Under both Donald Trump and Xi Jinping, targeted policies and sharp rhetoric point to the potential realization of the threat of decoupling in the foreseeable future. The Trump administration’s two putative goals appear to be ending the bilateral U.S.-China merchandise trade deficit and preventing further Chinese progress in technological innovation and global market dominance. As part of their execution strategy, the United States is leveraging a myriad of price and non-price mechanisms, ranging from the heavy use of tariffs on Chinese imports to the imposition of visa quotas and revocation of permits for the activities of Chinese entities in the country, furthering strains on economic relations. In retaliation, China has increasingly framed issues of trade tensions and internal turbulence as the antagonistic work of the United States, as it sees no clear end to their differences over economic growth and political influence. On the escalating demonstrations in Hong Kong, spokeswoman for the Ministry of Foreign Affairs Hua Chunying has said that “it is, after all, the work of the United States.” Their strategy of singling out the United States as a bad actor is “part of a bigger playbook to blame the United States for everything,” according to Professor Ho-fung Hung at Johns Hopkins University. In tandem with the breakdown of economic cooperation and trade relations, Chinese state news outlets are increasingly depicting domestic troubles as driven by nefarious agenda of the United States.
Despite what appears to be cause for panic amidst bleak prospects for resolution and recuperation, the fact remains that decoupling is still a fairly distant outcome, as diplomats in both Beijing and Washington are cognizant of its potentially devastating consequences to both states.

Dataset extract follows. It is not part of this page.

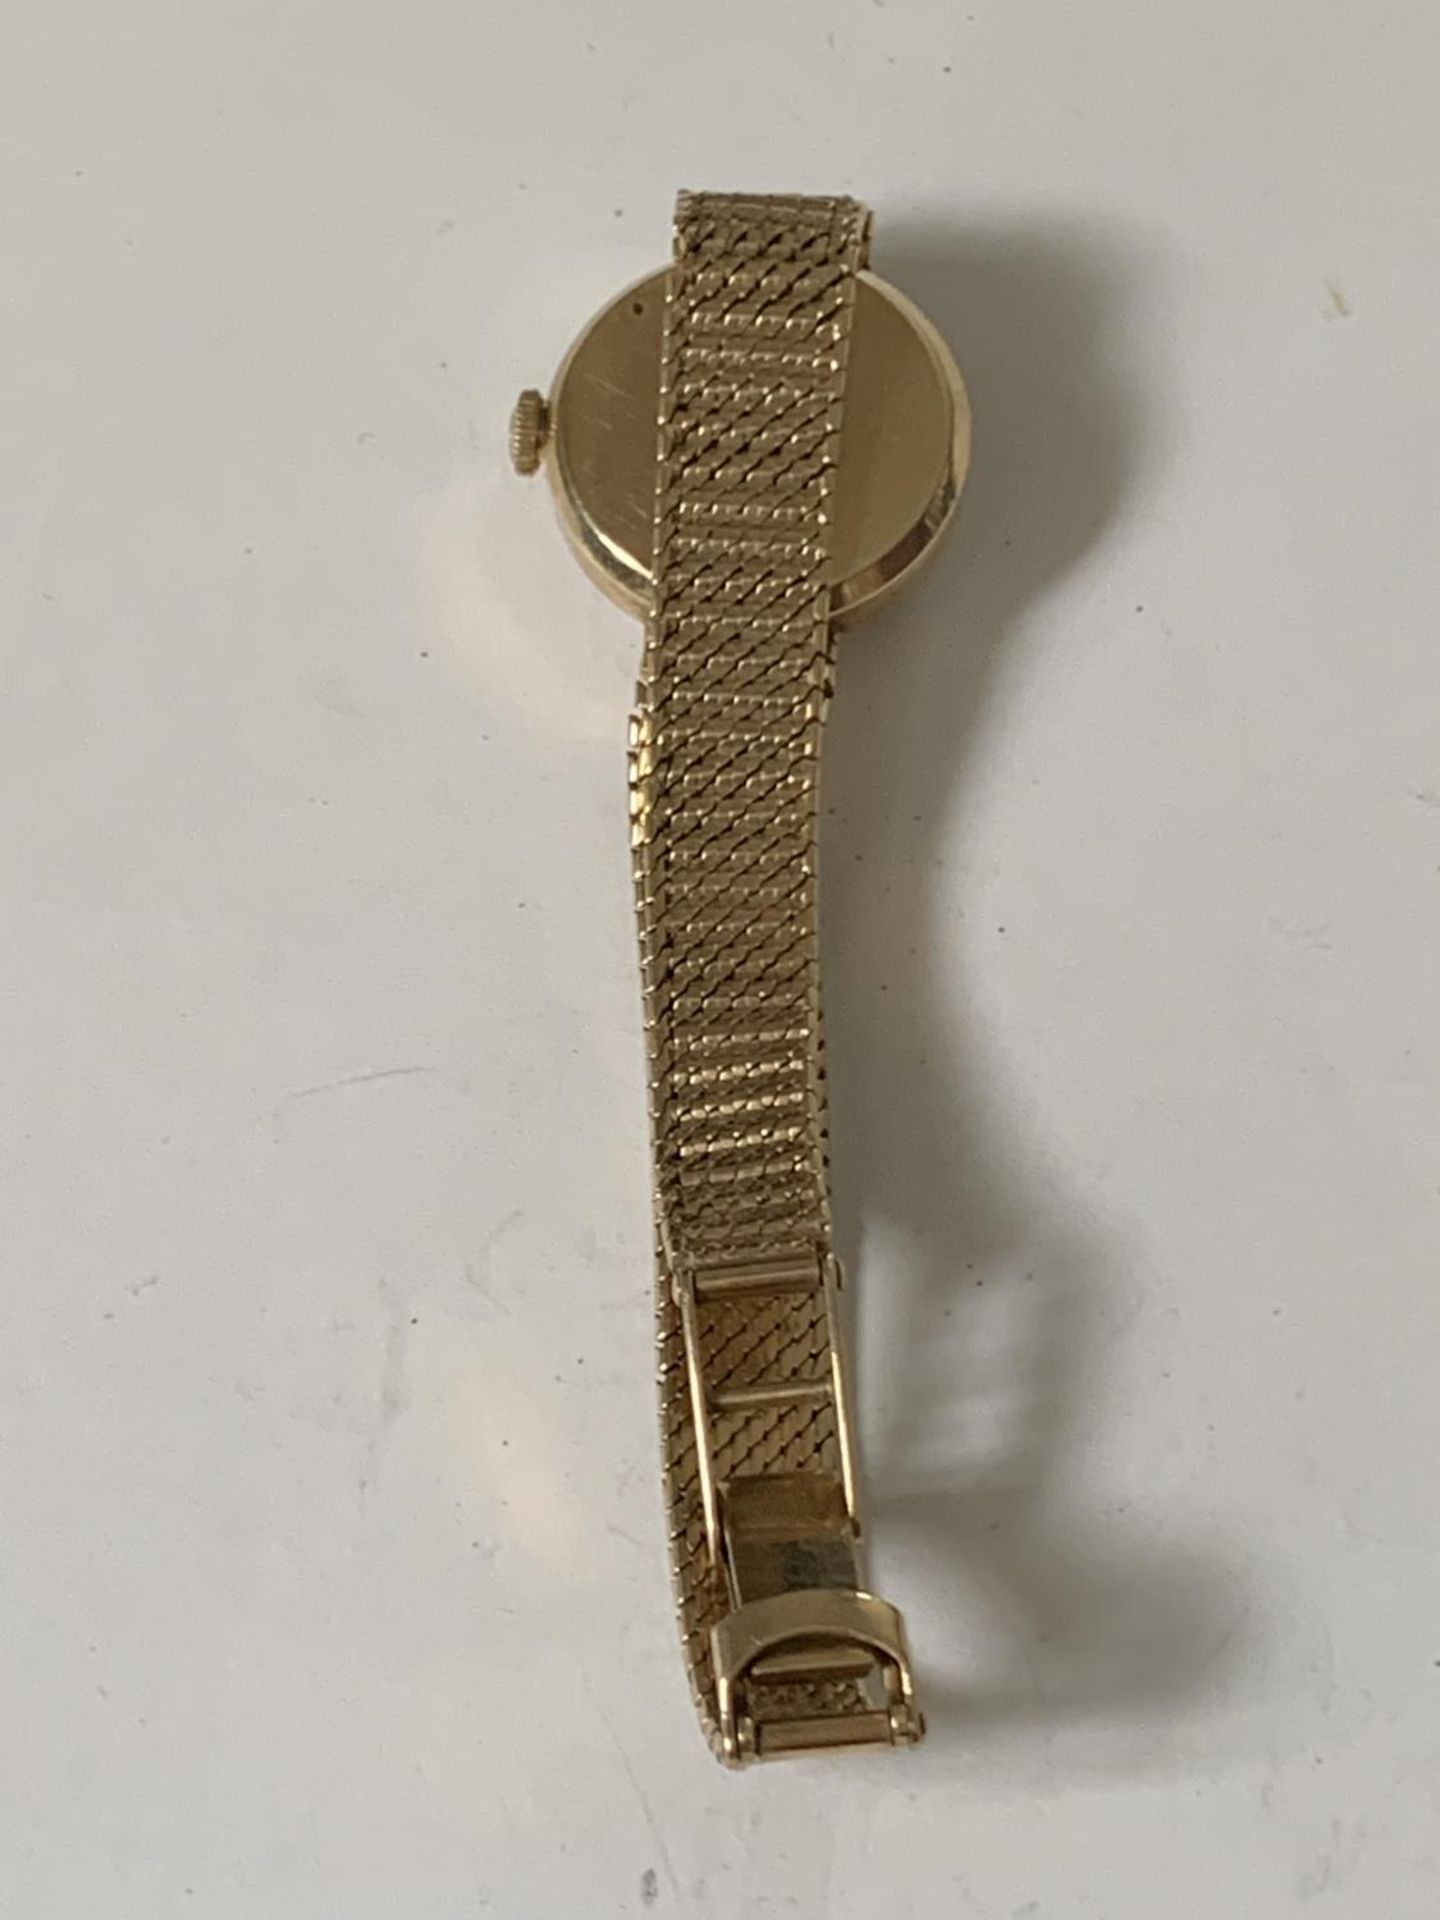 A LADIES VINTAGE 9 CARAT GOLD WRIST WATCH WITH 9 CARAT GOLD STRAP GROSS WEIGHT 16.86 GRAMS - Image 2 of 4

U.S. deputy assistant secretary of defense Chad Sbragia said at a Chinese military forum that the United States has no plans to sever or severely curb economic ties to China, but rather to “rebalance and right relationships to ensure...equity.” In their long-term framework, the United States is not aiming to “ask any country to choose between Washington and Beijing.” On the other side, spokesman for the Ministry of Foreign Affairs Geng Shuang said recently that “exerting maximum pressure and even seeking the forced decoupling of China-U.S. relations will harm the interests of Chinese and American companies and people, create turmoil in financial markets, and endanger global trade and economic growth…[and] this does not accord with the interests of the international community.”

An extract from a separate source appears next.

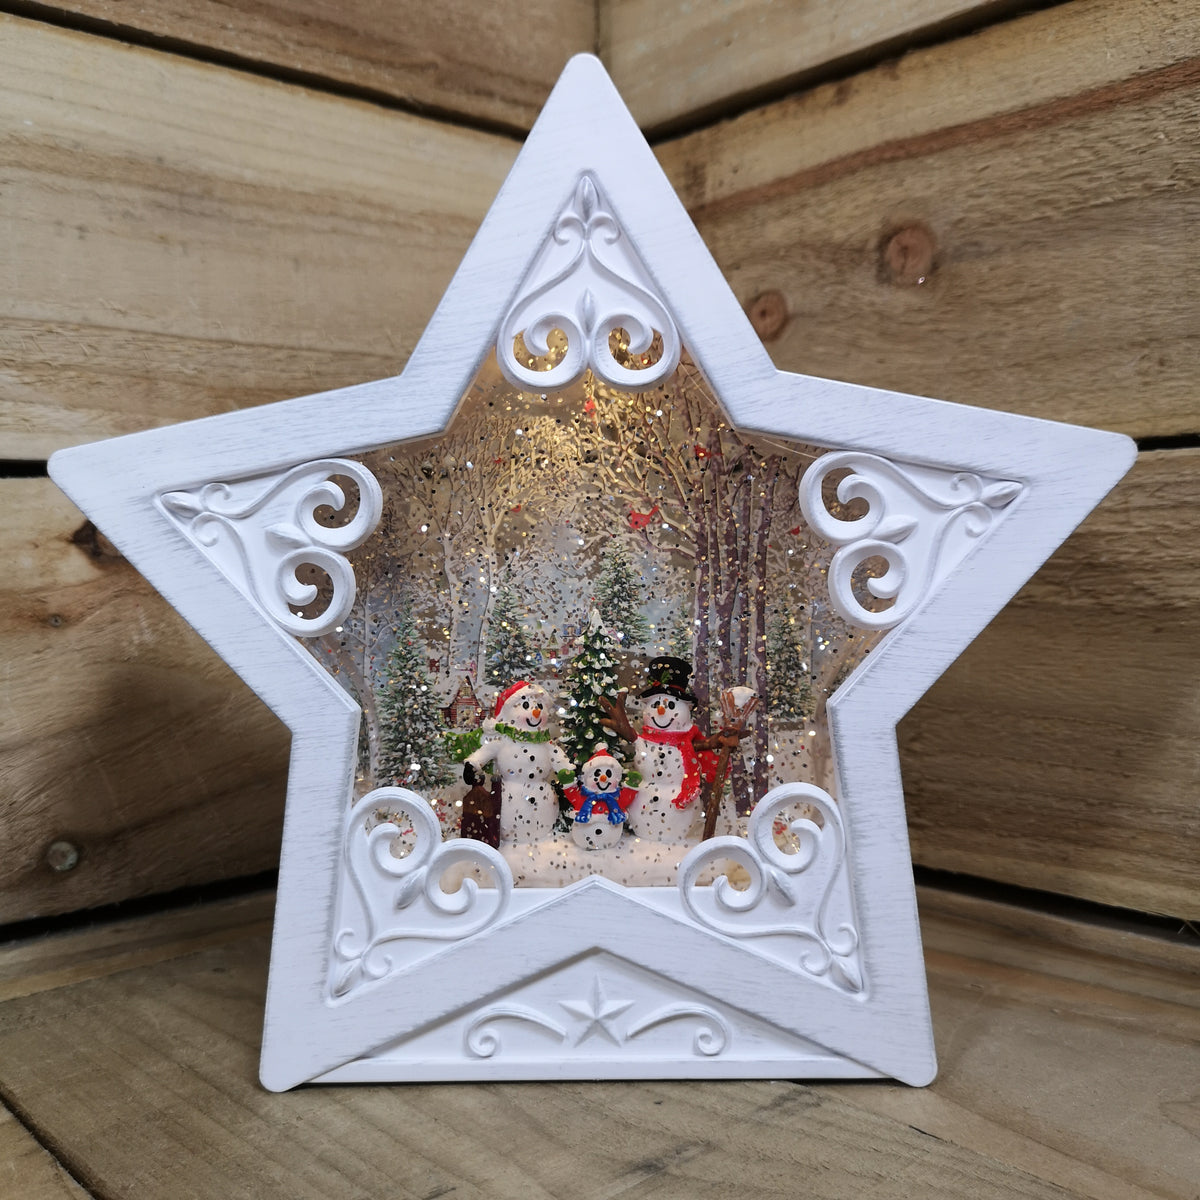 25cm Snowtime LED Christmas Water Star With Snowmen Scene

For now, it seems that the implications of complete decoupling are clearly detrimental to interests on both sides of the world. Among other consequences, technological bifurcation could undermine effective international cooperation on macroeconomic management, jeopardize efforts to optimize mutual benefits from scientific progress, and forestall the implementation of global solutions to pressing threats such as climate change. As long as there is mutual acknowledgement that economic relations are not a zero-sum game, there is hope for a stable, cooperative, and integrated world.